Kreizler cocked his head judiciously. “Perhaps. But, since you’re unwilling to state what reason you did have, the argument is pointless.” Laszlo got up. “And, as I’ve a train to catch back to New York—”
“Sit down.” The violence embodied in the command was almost palpable; but Kreizler nonetheless made a pointed show of being unimpressed. Pomeroy grew uneasy at that. “I’ll only tell you this once,” Jesse went on urgently. “I was crazy then, but I ain’t crazy anymore—which means that, when I think back to it now, I can see everything pretty clear. There wasn’t any sane reason for me to do what I did to them kids. I just—it was just more than I
could stand, that’s all, and I had to stop it.”

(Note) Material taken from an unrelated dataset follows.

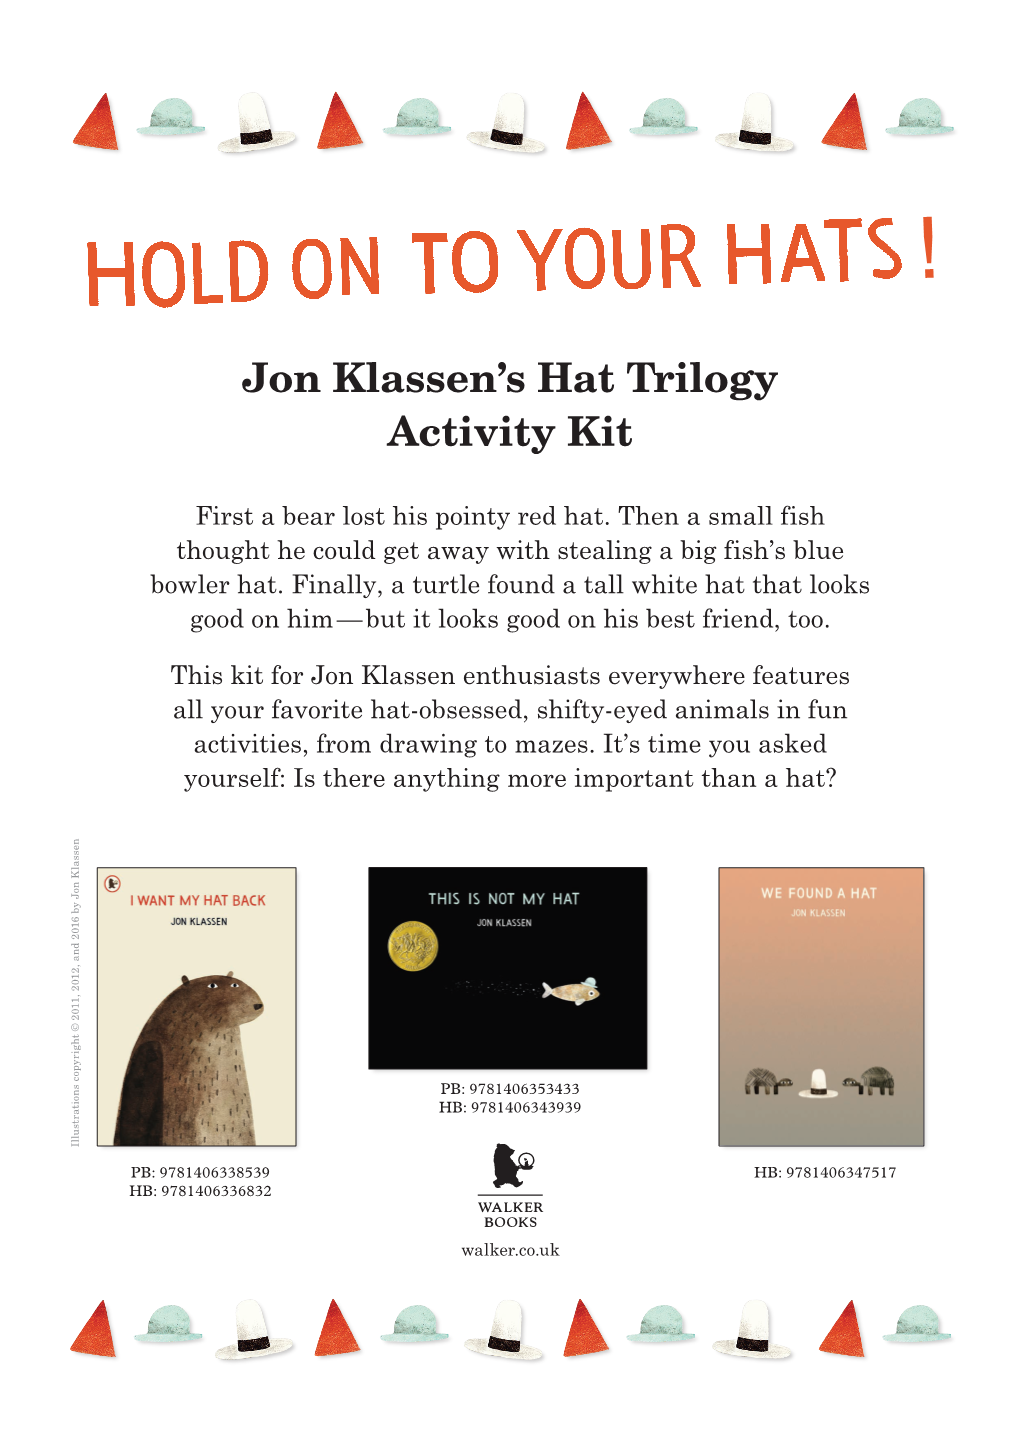 Jon Klassen's Hat Trilogy Activity
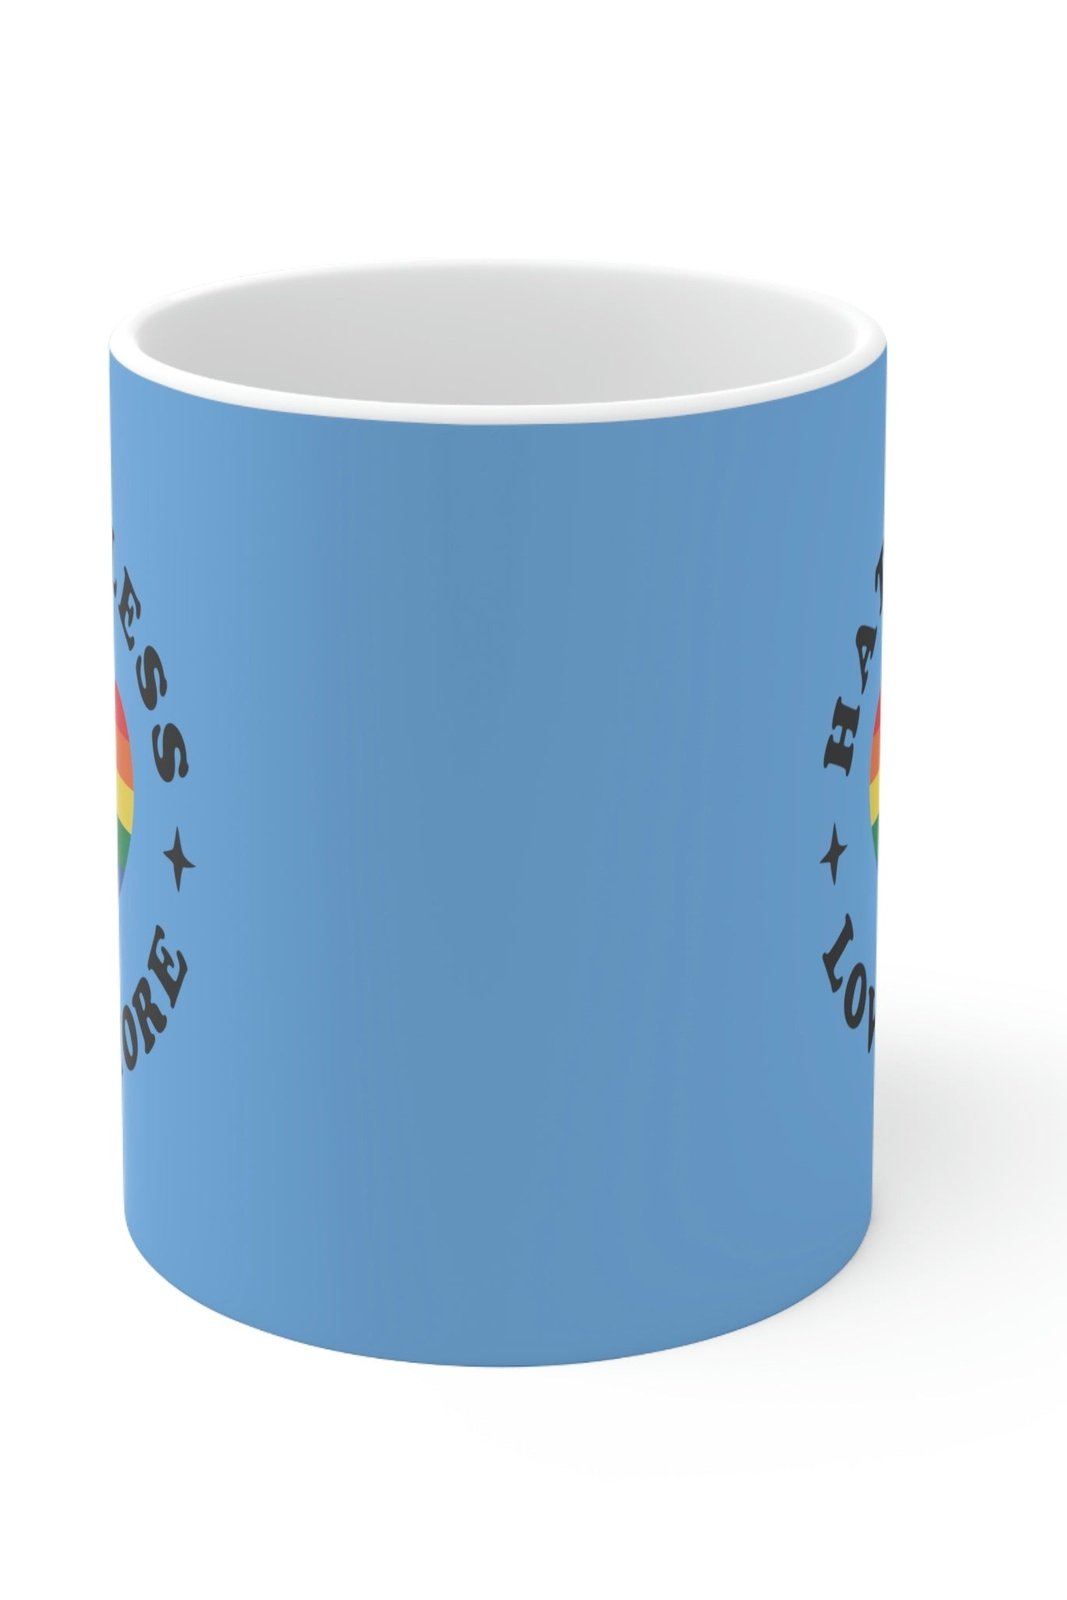 Hate Less Love More (blue)  Ceramic Mug 11oz

Laszlo knew that he was close. As a further inducement he sat back down, and then spoke very softly. “Had to stop what, Jesse?”
Pomeroy looked up at the small chink in the top of the blank stone wall, through which a few stars were now visible. “The staring,” he mumbled, in an altogether new and detached tone of voice. “The watching. All the time, the watching. That had to stop.” He turned our way again, and it seemed to me there were tears in his good eye; his mouth, however, had curled into a smile again. “You know, I used to go to the menagerie—in town? This was when I was real small. And it used to occur to me that everything those animals did, people were watching them. Just staring at them, with those dumb, blank faces, bug-eyed and hang-jawed—especially the kids, because they were too stupid to know any better. And those goddamned animals would look back, and you could see they was mad, God damn me, ferocious was the word, all right. All they wanted was to rip those people apart, just to get them to knock it off. Pacing back and forth, back and forth, thinking that if they could get out for just one minute they’d show ’em what you get when you never leave a thing alone. Well, I might not’ve been in a cage, Doc, but those dumb damned eyes was everywhere around me, all the same, ever since I could remember. Staring, watching, all the time, everywhere. You tell me, Doc, you tell me if that ain’t enough to drive somebody crazy. And when I got big enough, and I’d see one of those dumb little bastards standing there, licking a piece of candy with his eyes popping out of his head—well, Doc, the fact is, I wasn’t in no cage back then, so there wasn’t nothing to stop me from doing what needed to be done.”
Pomeroy made no move after he’d stopped talking, but sat stone still and waited for a reaction from Kreizler.
“You say it was always that way, Jesse,” Laszlo said. “For as long as you can remember? With everyone you knew?”